BEGIN SOURCE DATA
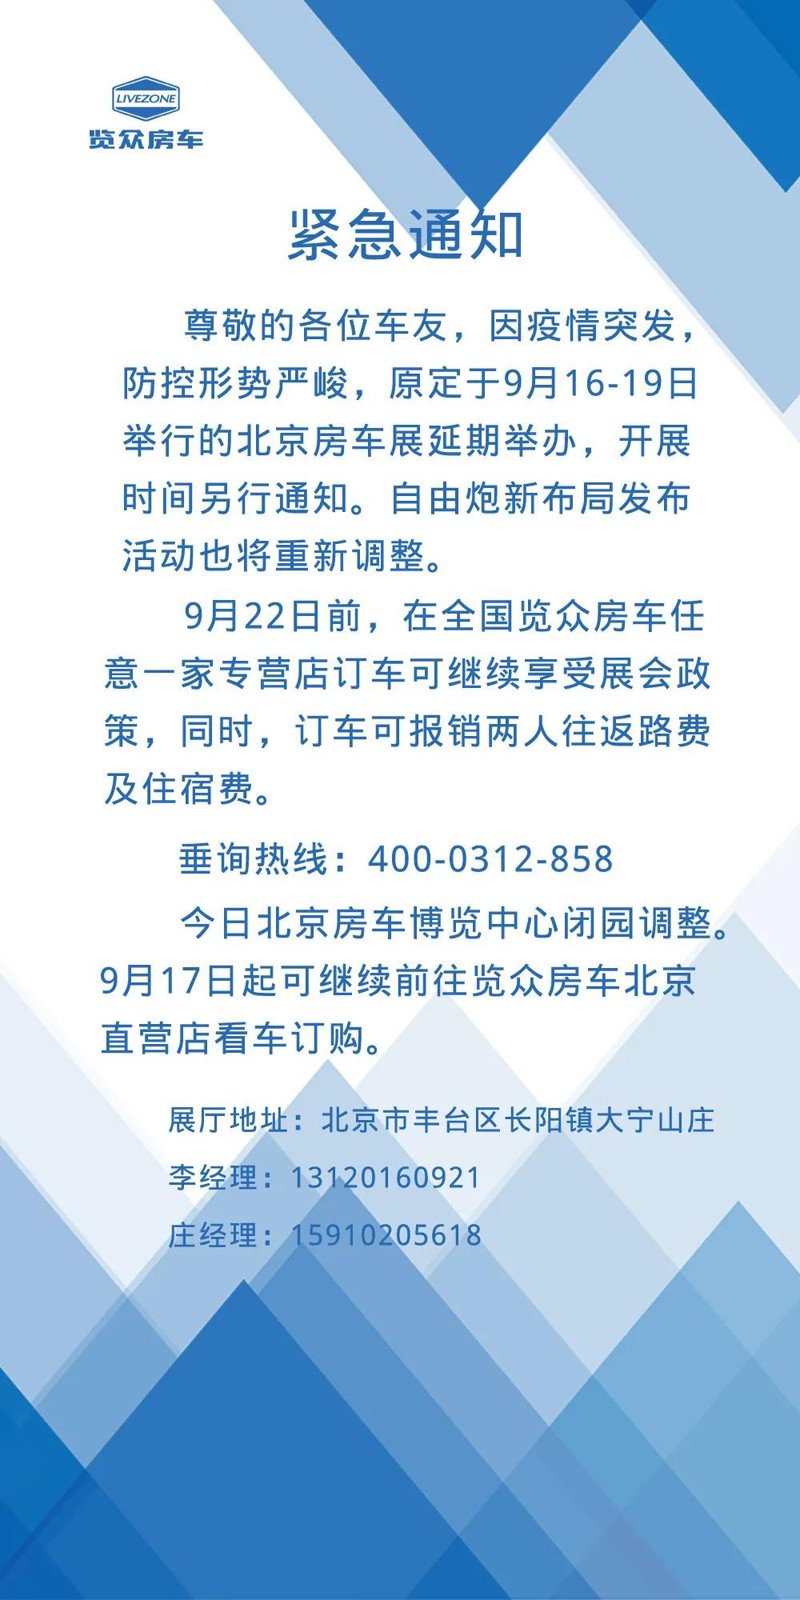 关于北京房车展展会延期的通知
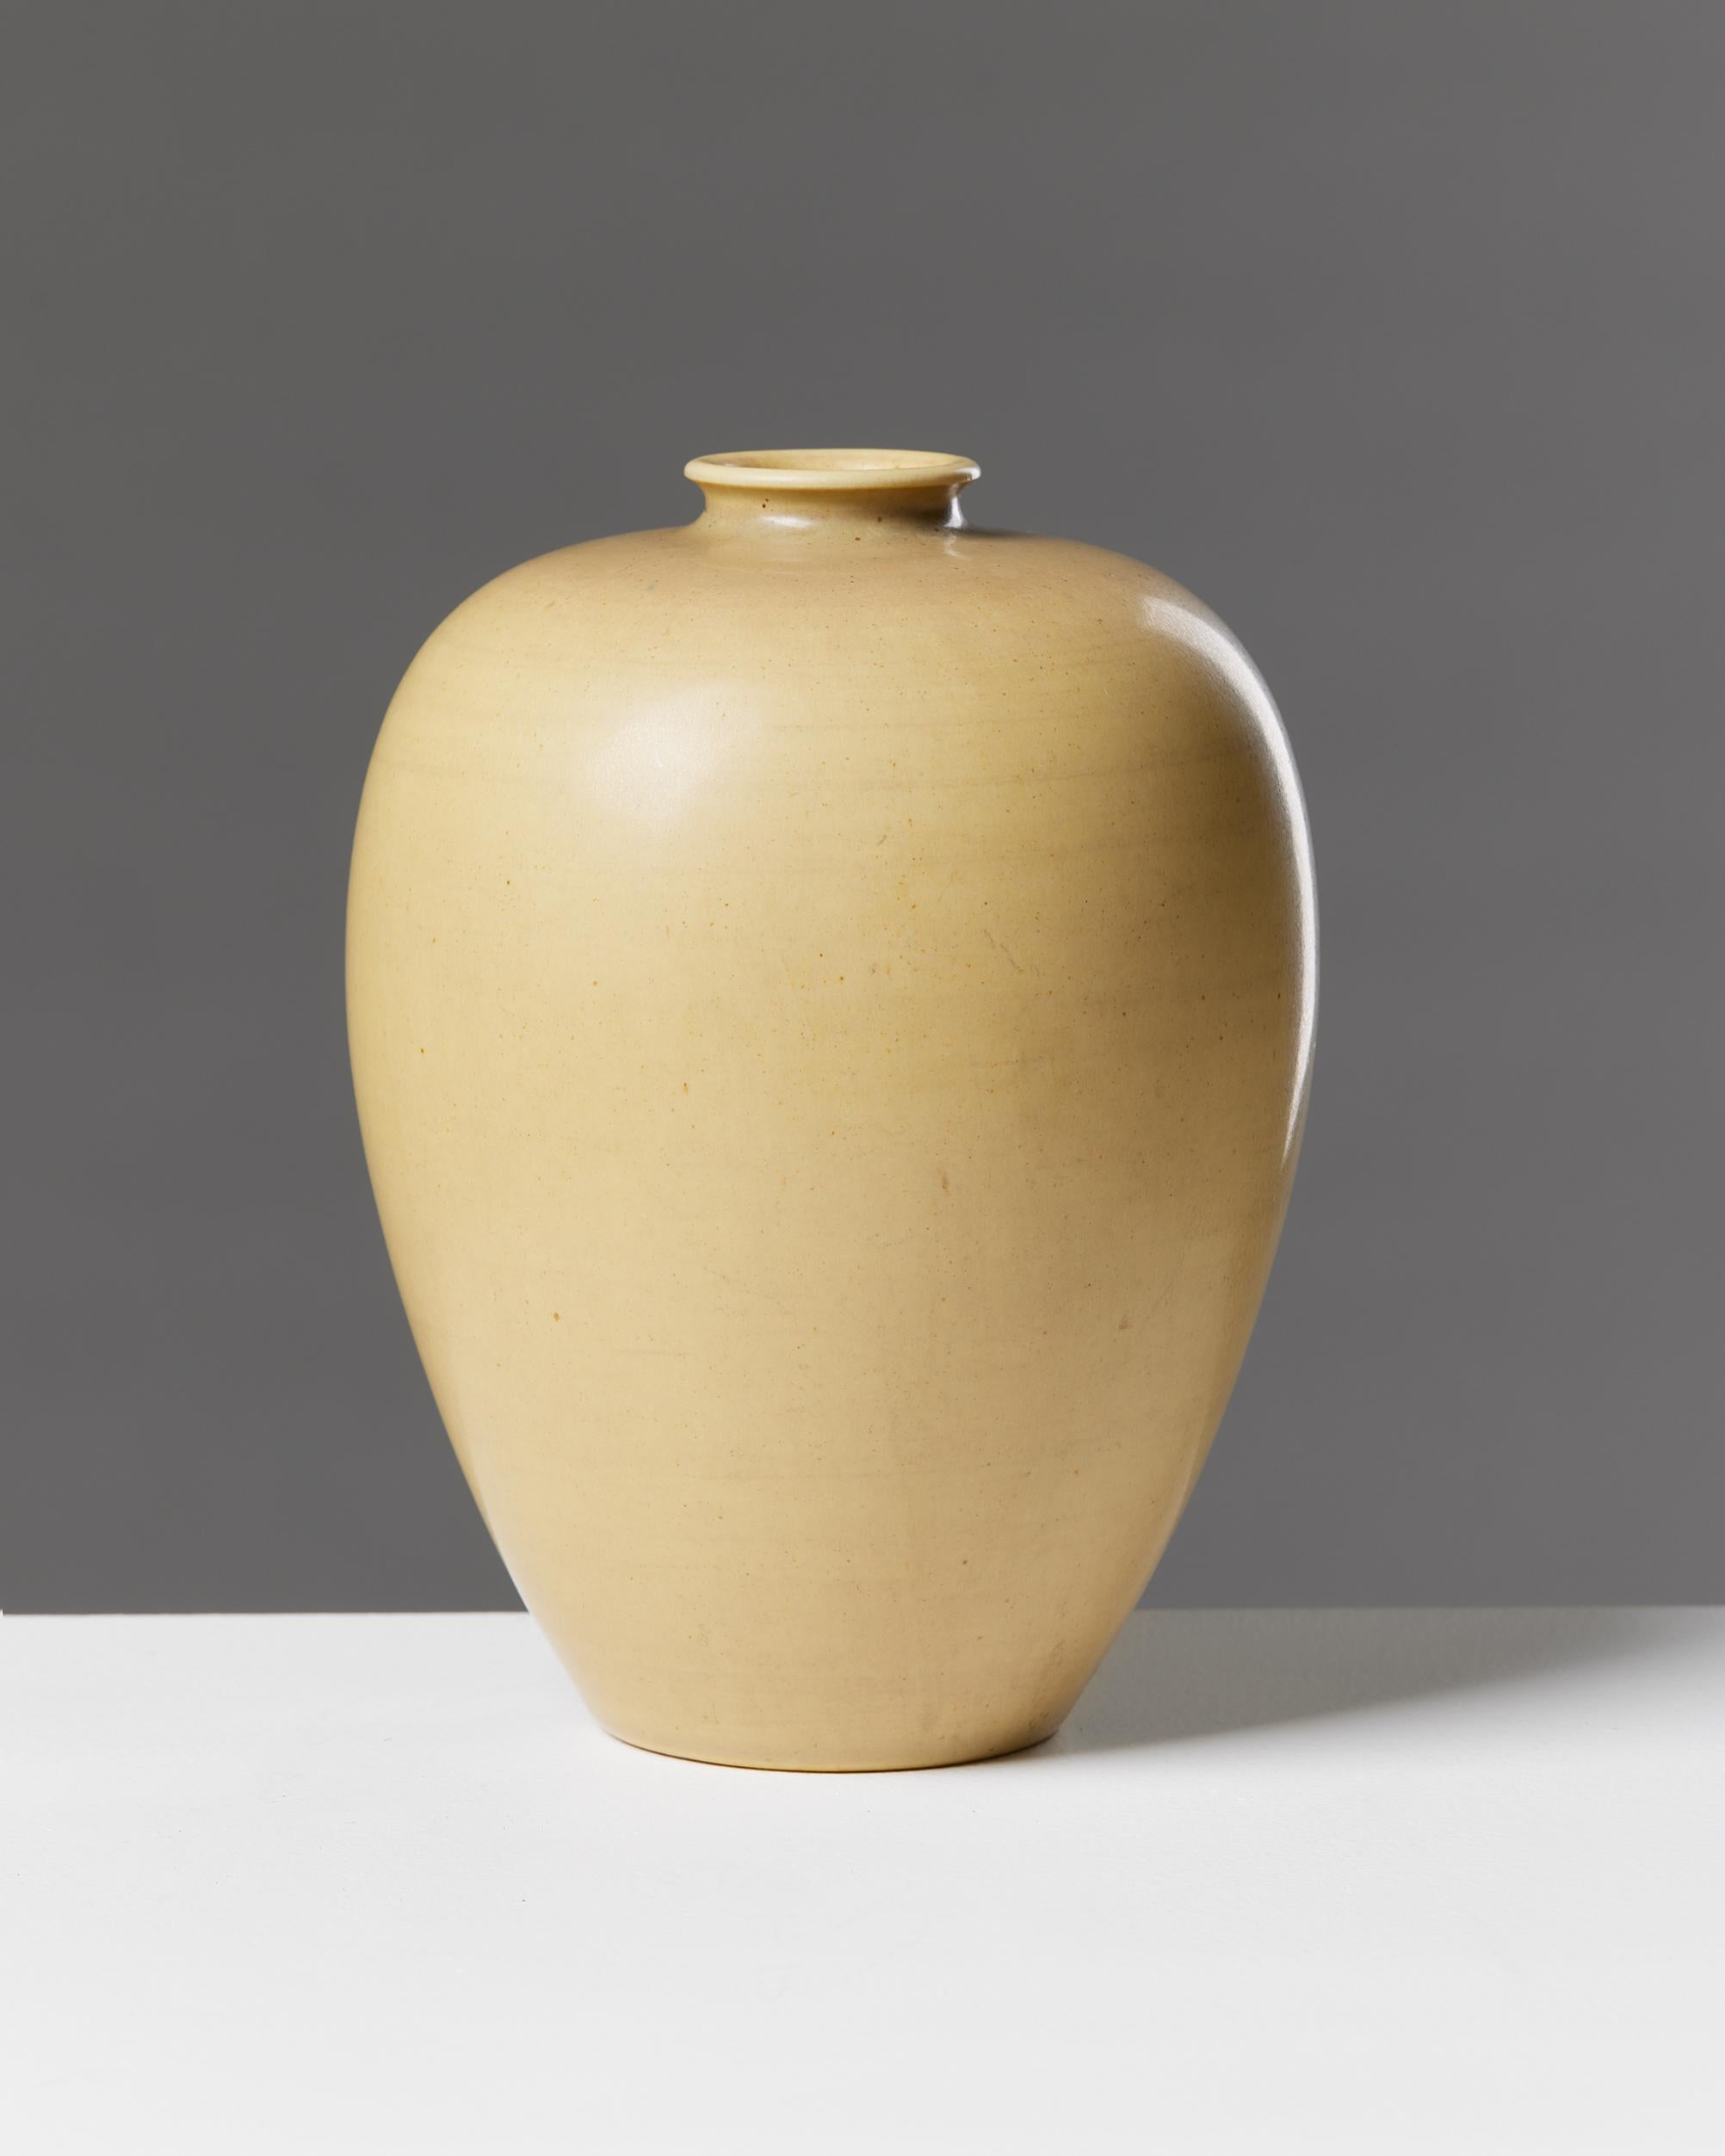 Vase, entworfen von Erich und Ingrid Triller für Tobo, Schweden, 1950er Jahre.

Unterschrieben.
END SOURCE DATA
EXERCISE PROMPT:
Repeat the listing verbatim, pictures excluded.

WRITTEN RESPONSE:
 关于北京房车展展会延期的通知
 Vase, entworfen von Erich und Ingrid Triller für Tobo, Schweden, 1950er Jahre.

Unterschrieben.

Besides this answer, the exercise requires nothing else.